The Getty Research Institute (GRI), nine other institutions, and an international advisory board will also participate throughout the three-year project development cycle. BWR data will be contributed to the Getty Vocabulary Program’s Cultural Objects Name Authority (CONA) and will be a critical component to the controlled vocabulary warehouse in Shared Shelf.

Society of Architectural Historians Architecture Resources Archive (SAHARA)

The SAH Architecture Resources Archive (SAHARA), an online library of architectural and landscape images for research and teaching, is a collaboration among The Society of Architectural Historians (SAH), scholars of architectural history, librarians, and Artstor, funded by a grant from The Andrew W. Mellon Foundation.

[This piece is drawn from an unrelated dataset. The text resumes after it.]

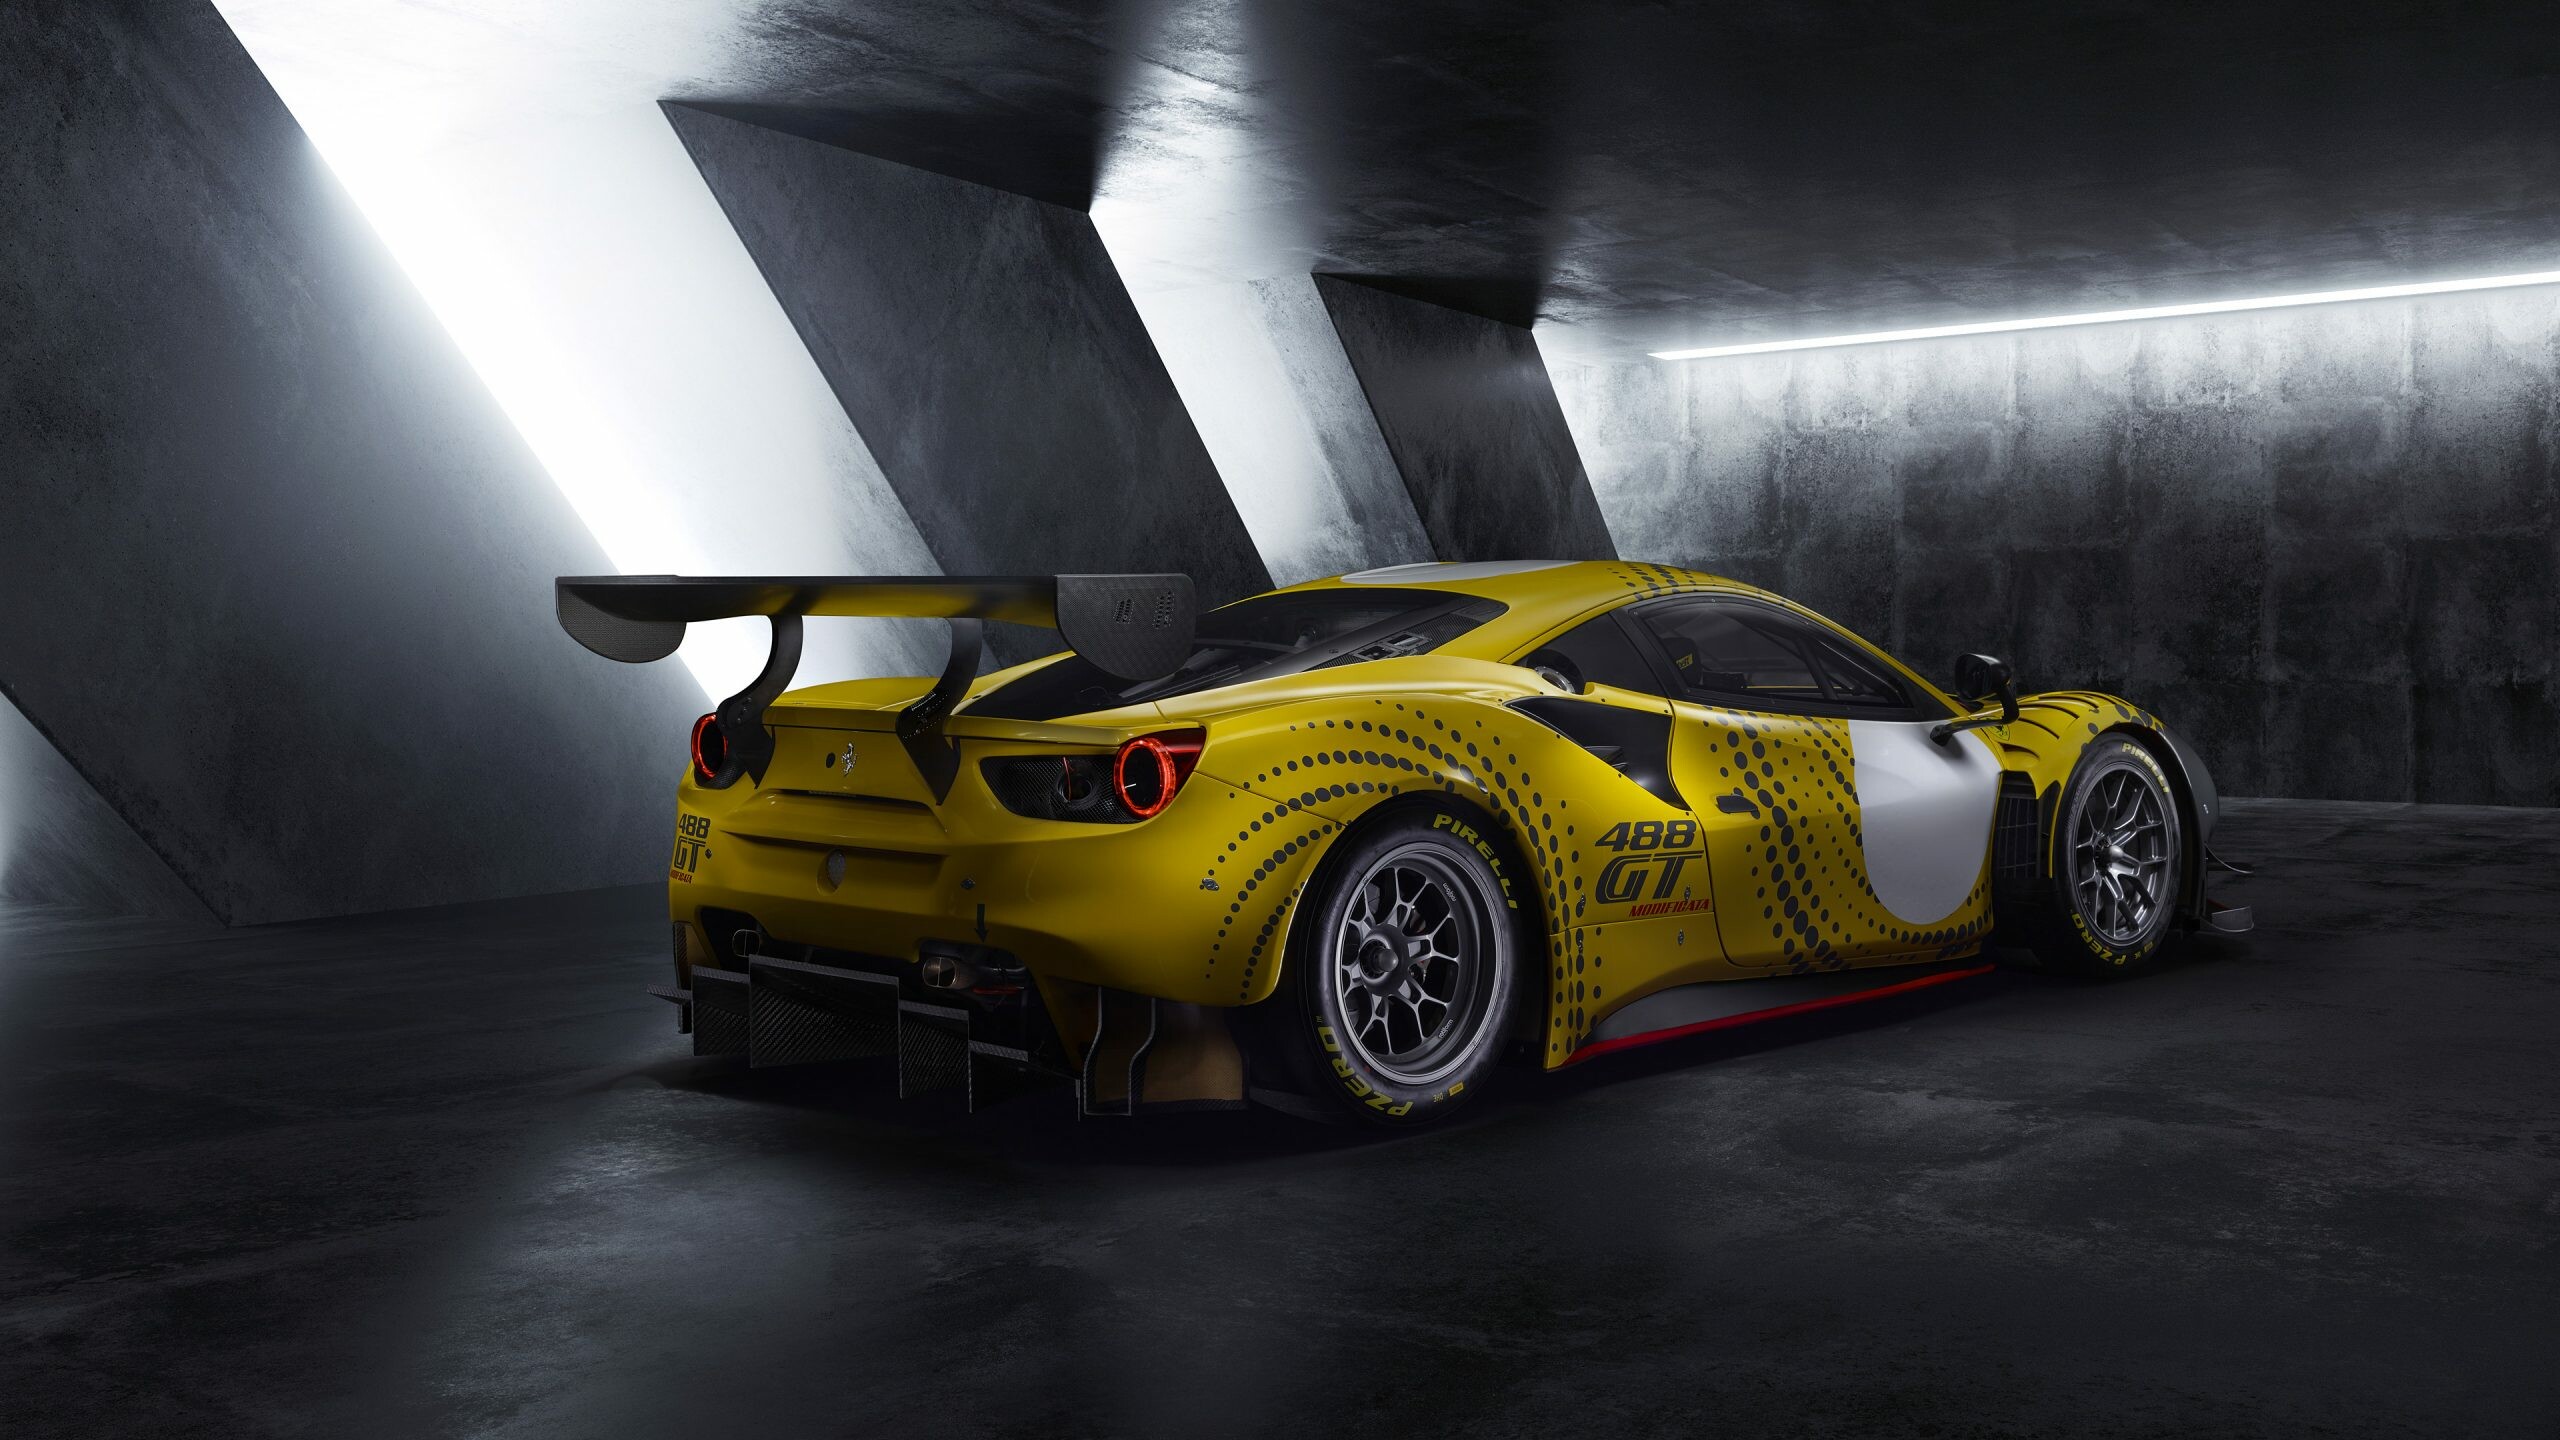 Ferrari: 2021, 488 GT Modificata, A limited edition car that incorporates the skills and technologies developed for the 488 GT3 and 488 GTE. 2560x1440 HD Wallpaper.

EMET (Embedded Metadata Extraction Tool)

EMET is a software tool that is freely available for download as a stand-alone application. EMET is intended to facilitate management and preservation of digital images and their incorporation into external databases and applications. EMET was created by Artstor through funding from the National Digital Information Infrastructure and Preservation Program (NDIIPP). For programmers interested in reviewing and customizing the code, EMET is also available as an open source application on SourceForge.